What Could Google Do With the Data It's Collected?

Niraj Chokshi has published a piece in The Atlantic where he grapples admirably with the issues related to Google's collection and use of device fingerprints (technically called MAC Addresses). It is important and encouraging to have journalists like Niraj taking the time to explore these complex issues.

But I have to say that such an exploration is really hard right now.

Whether on purpose or by accident, the Google PR machine is still handing out contradictory messages. In particular, the description in Google's Refresher FAQ titled “How does this location database work?” is currently completely different from (read: the opposite of) what its public relations people are telling journalists like Nitaj. I think reestablishing credibility around location services requires the messages to be made consistent so they can be verified by data protection authorities.
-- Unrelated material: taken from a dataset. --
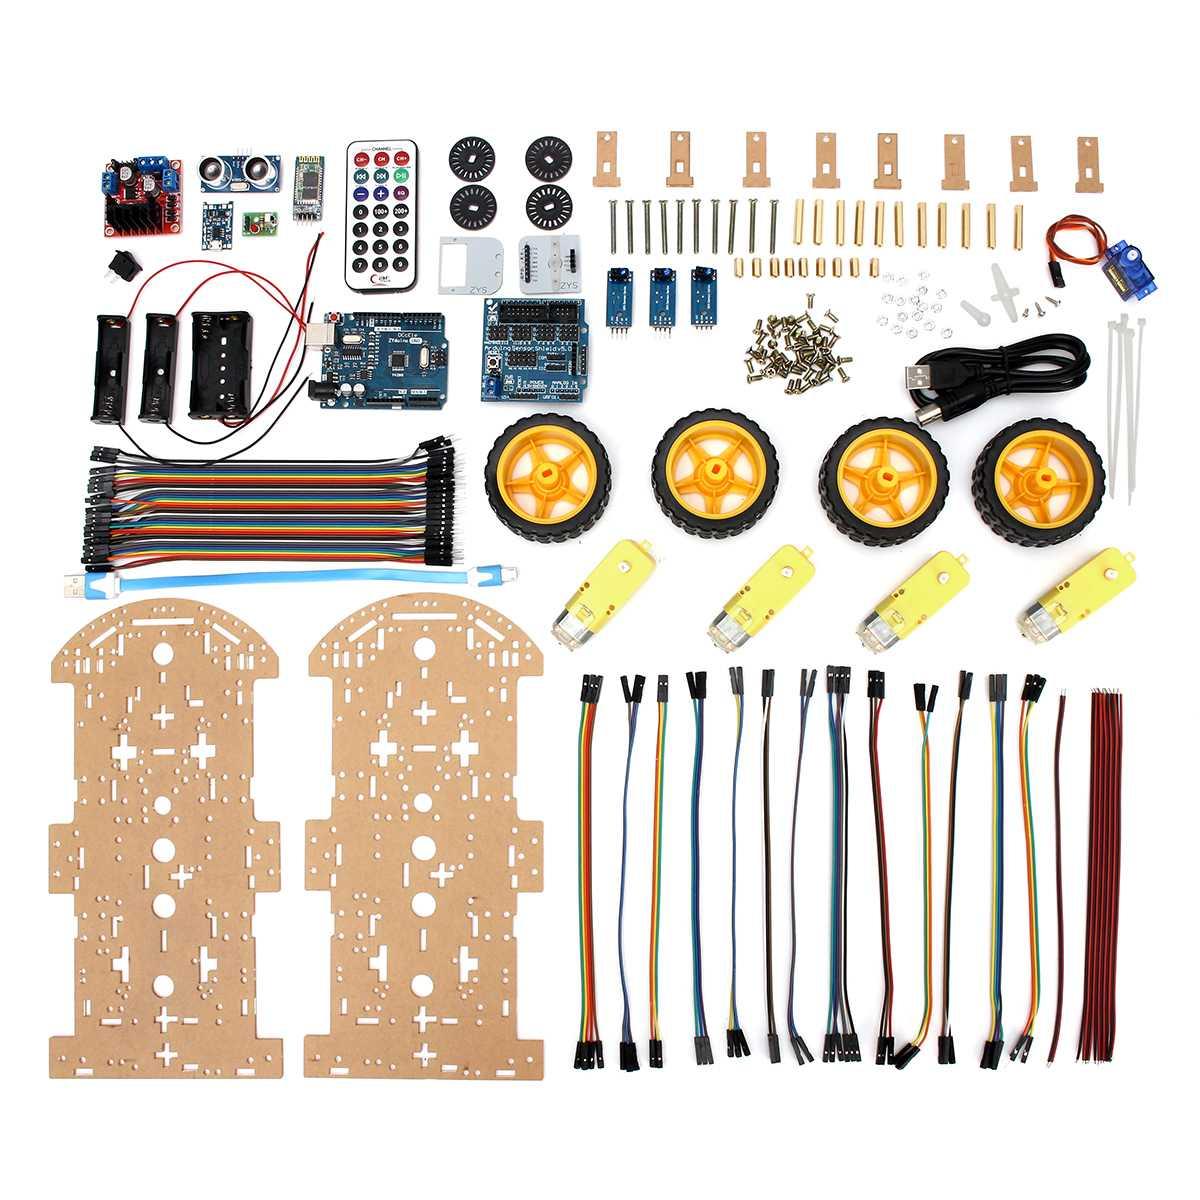 1 Set 4WD Robot intelligent voiture Kit jouets haute technologie Bluetooth IR Obstacle éviter ligne suivre L298N ForArduino Programmable jouets Kit de bricolage

Here are some excerpts from the piece – annotated with some comments by me. [Read the whole article here.]

The Wi-Fi data Google collected in over 30 countries could be more revealing than initially thought…

Google's CEO Eric Schmidt has said the information was hardly useful and that the company had done nothing with it. The search giant has also been ordered (or sought) to destroy the data. According to their own blog post, Google logged three things from wireless networks within range of their vans: snippets of unencrypted data; the names of available wireless networks; and a unique identifier associated with devices like wireless routers. Google blamed the collection on a rogue bit of code that was never removed after it had been inserted by an engineer during testing.

[The statement about rogue code is an example of the PR ambiguity Nitaj and other journalists must deal with. Google blogs don't actually blame the collection of unique identifiers on rogue code, although they seem crafted to leave people with that impression. Spokesmen only blame rogue code for the collection of unencrypted data content (e.g. email messages.) – Kim]

Each of the three types of data Google recorded has its uses, but it's that last one, the unique identifier, that could be valuable to a company of Google's scale. That ID is known as the media access control (MAC) address and it is included — unencrypted, by design — in any transfer, blogger Joe Mansfield explains.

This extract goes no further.